As illustrated, the filter 120 has an annular configuration. In some embodiments, an inner filter 121b is disposed within an outer filter 121a, defining an annulus 126a therebetween. Optionally, the inner filter 121b can be bonded within or to the outer filter 121a.

With reference to FIG. 3, fluid within the chamber volume 104 can pass through a filter 120 to prevent the transfer of bacteria, microorganisms, and/or other pathogens to the patient. During operation, fluid can flow within an inlet portion of the chamber volume 104 into an inlet portion 122 of the filter 120 as shown by fluid flow 10. From the inlet portion 122 fluid can flow into the annulus 126a between the inner filter 121b and the outer filter 121b. As illustrated by fluid flow 20a, fluid can flow from the annulus 126a outward or toward the outer filter 121a. As shown by fluid flow 30a, fluid can flow through the filter media 140a of the outer filter 121a though an outlet portion 124a of the outer filter 121a. Further, as illustrated by fluid flow 20b, fluid can flow from the annulus 126a inward or toward the inner filter 121b. As shown by the fluid flow 30b, fluid can flow through the filter media 140b of the inner filter 121b and into an inner flow channel 126b defined within the inner filter 121b. Flow can exit the inner flow channel 126b of the inner filter 121b via an outlet portion 124b. As illustrated by fluid flow 40, filtered fluid flow from the outlet portion 124a of the outer filter 121a and the outlet portion 124b of the inner filter 121b can converge in the outlet portion of the chamber volume 104.

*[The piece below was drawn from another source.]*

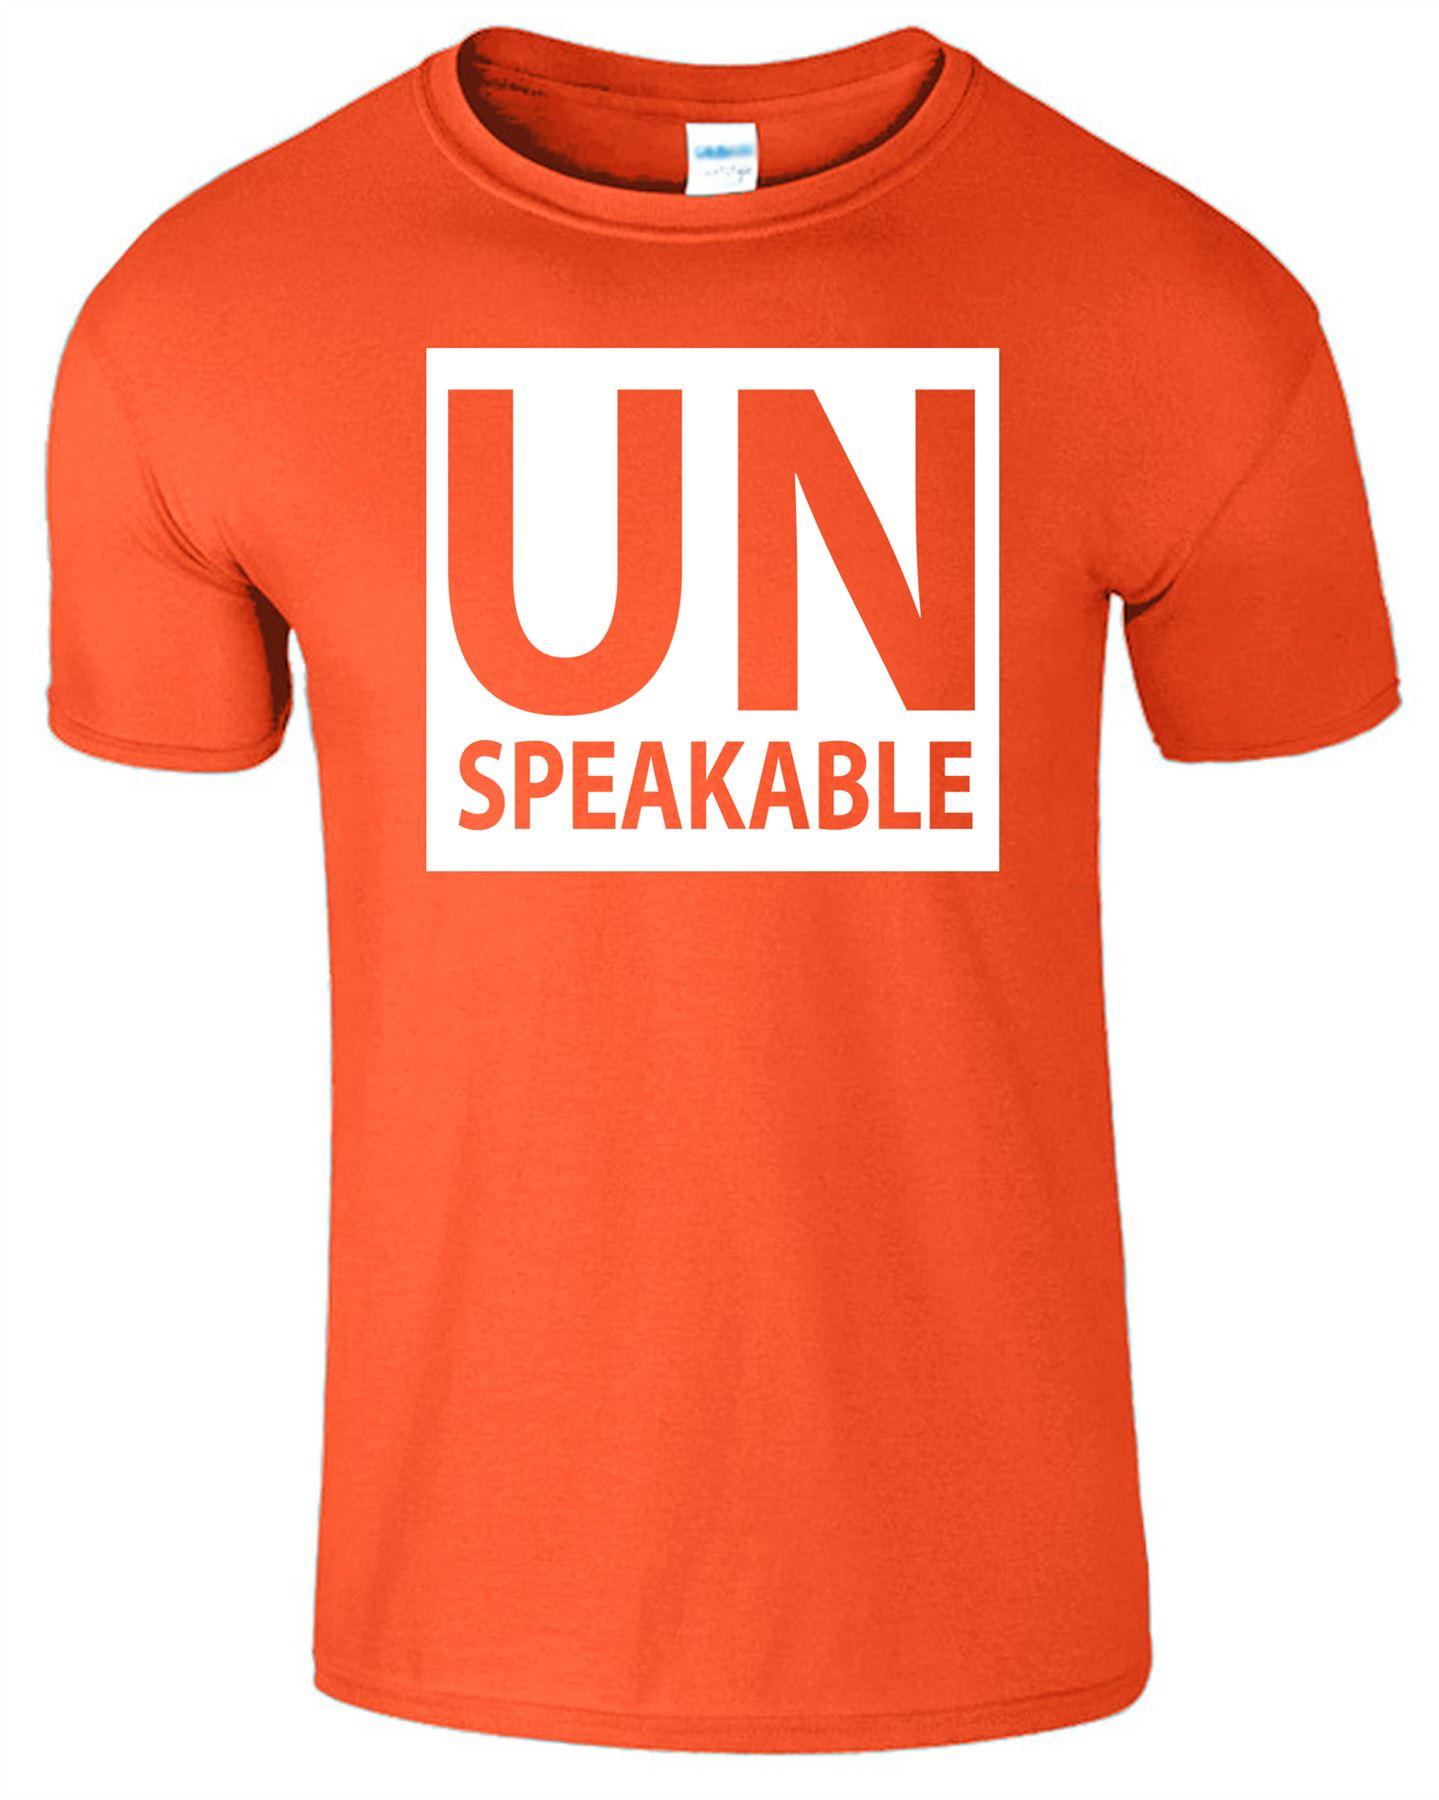 Unspeakable Mens T-Shirt Gaming Youtuber Vlog Short Sleeve Gift Top Tshirt

In some embodiments, the filter 120 can be seated or spaced apart within the chamber volume 104 to define a flow path between the chamber body 110 and the lower frame 134 of the filter 120. Optionally, the lower frame 134 of the filter 120 can be disposed on raised protrusions defined within the chamber body 110 can promote or otherwise define the flow path between the chamber body 110 and the lower frame 134.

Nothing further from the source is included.